Maduros Regierungserklärung
Am Donnerstag (Ortszeit) legte Venezuelas Präsident Nicolás Maduro nach seinem Wahlsieg vom vergangenen Sonntag vor der Verfassunggebenden Versammlung den Amtseid ab. Das war zunächst einmal Routine. Keine Routine war dagegen der neue Ton, den er in seiner anschließenden Rede anschlug. Es war eine von Selbstkritik geprägte Ansprache, die den Startschuss für einen Neuanfang geben sollte. Nötig sei eine »Veränderung der Führung an der Spitze der Revolution«, forderte Maduro, denn »wir machen nicht genug, und wir machen es nicht gut«. Und weiter: »Wir müssen dieses Land verändern, und wir müssen bei uns selbst anfangen.«
Maduro listete sechs Leitlinien auf, an denen sich dieser Erneuerungsprozess orientieren soll. So soll im Mittelpunkt der Stabilisierung der Wirtschaft eine Ausweitung der Produktion des staatlichen Erdölkonzerns PDVSA stehen. An die dort beschäftigten Arbeiter und ihre Gewerkschaften appellierte er, ihren Beitrag dafür zu leisten: »Ich will eine sozialistische PDVSA, eine ethische, souveräne und produktive PDVSA!«
Nötig wäre es, denn die Staatseinnahmen Venezuelas hängen nach wie vor zu rund 90 Prozent von den Erdölexporten ab – doch die Förderung war in den vergangenen Jahren rückläufig. Gründe dafür waren fehlende Investitionen in die Infrastruktur sowie Korruption und Schlamperei. Wenn es jetzt gelingt, mit durchschlagenden Maßnahmen dem Schlendrian den Kampf anzusagen, wäre viel gewonnen. Dabei will Maduro zur »Sanierung« der Industrie offenbar nicht auf »ausländische Experten« setzen, sondern auf die Arbeiterklasse. Ansätze dafür, deren Rolle zu verstärken, gibt es bereits, zum Beispiel durch die Gründung von Arbeiterräten in den Betrieben. Bislang versandeten Initiativen von unten jedoch oft in der Bürokratie der Unternehmens- und Staatshierarchie oder wurden gezielt abgewürgt. In den klimatisierten Büros sitzen viele Nutznießer der Korruption und Misswirtschaft. Auch das sprach Maduro in seiner Rede offen an.

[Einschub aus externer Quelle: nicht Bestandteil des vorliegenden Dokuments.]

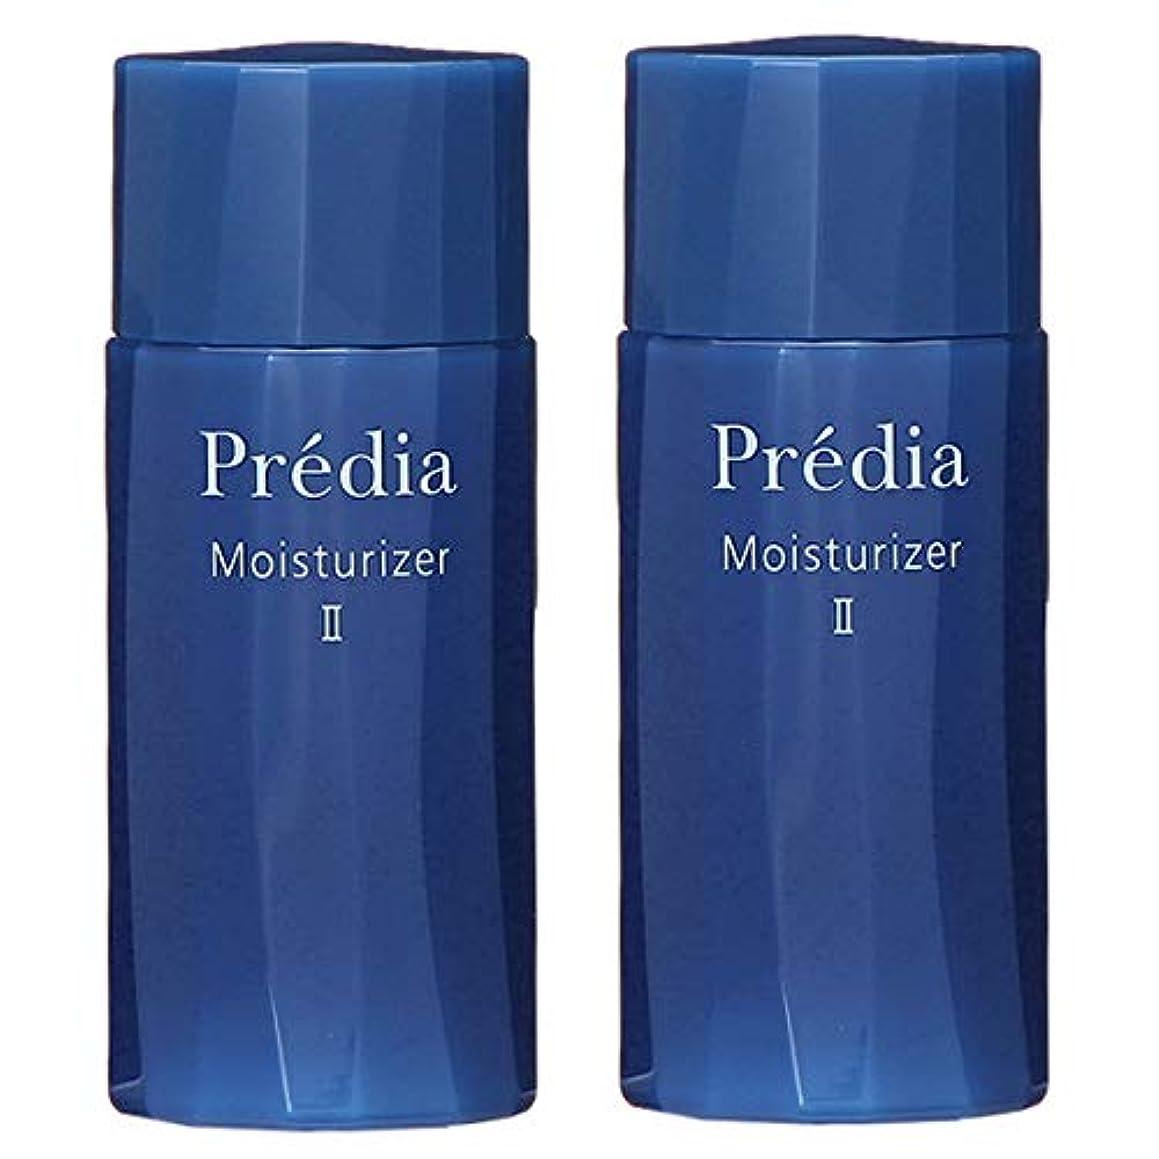 繁雑産地消毒するコーセー プレディア Predia モイスチュアライザー 120mL 2個セット

In den westlichen Medien war von alldem wenig zu lesen. Lediglich ein Aspekt interessierte die Korrespondenten in Nordamerika und Europa: Maduro habe die Freilassung »politischer Gefangener« angekündigt. Tatsächlich will der Staatschef der Verfassunggebenden Versammlung vorschlagen, alle im Zusammenhang mit den gewalttätigen Protesten der vergangenen Jahre Inhaftierten zu begnadigen, sofern diesen keine Tötungsdelikte oder andere schwere Verbrechen zur Last gelegt werden. Er verglich das mit der Straffreiheit für die Mitglieder der Guerillaorganisationen der 1960er Jahre und deren Rückkehr in das legale Leben. Auch wenn die politischen Vorzeichen natürlich andere waren – die Parallele stimmt: Was zum Beispiel im vergangenen Jahr auf den Straßen Venezuelas zu sehen war und mehr als 100 Menschen das Leben kostete, waren eben schnell keine friedlichen Demonstrationen mehr – es handelte sich zumindest in Teilen bereits um einen bewaffneten Aufstand.
Ein Neuanfang für die Bolivarische Revolution? Es dürfte die letzte Chance sein.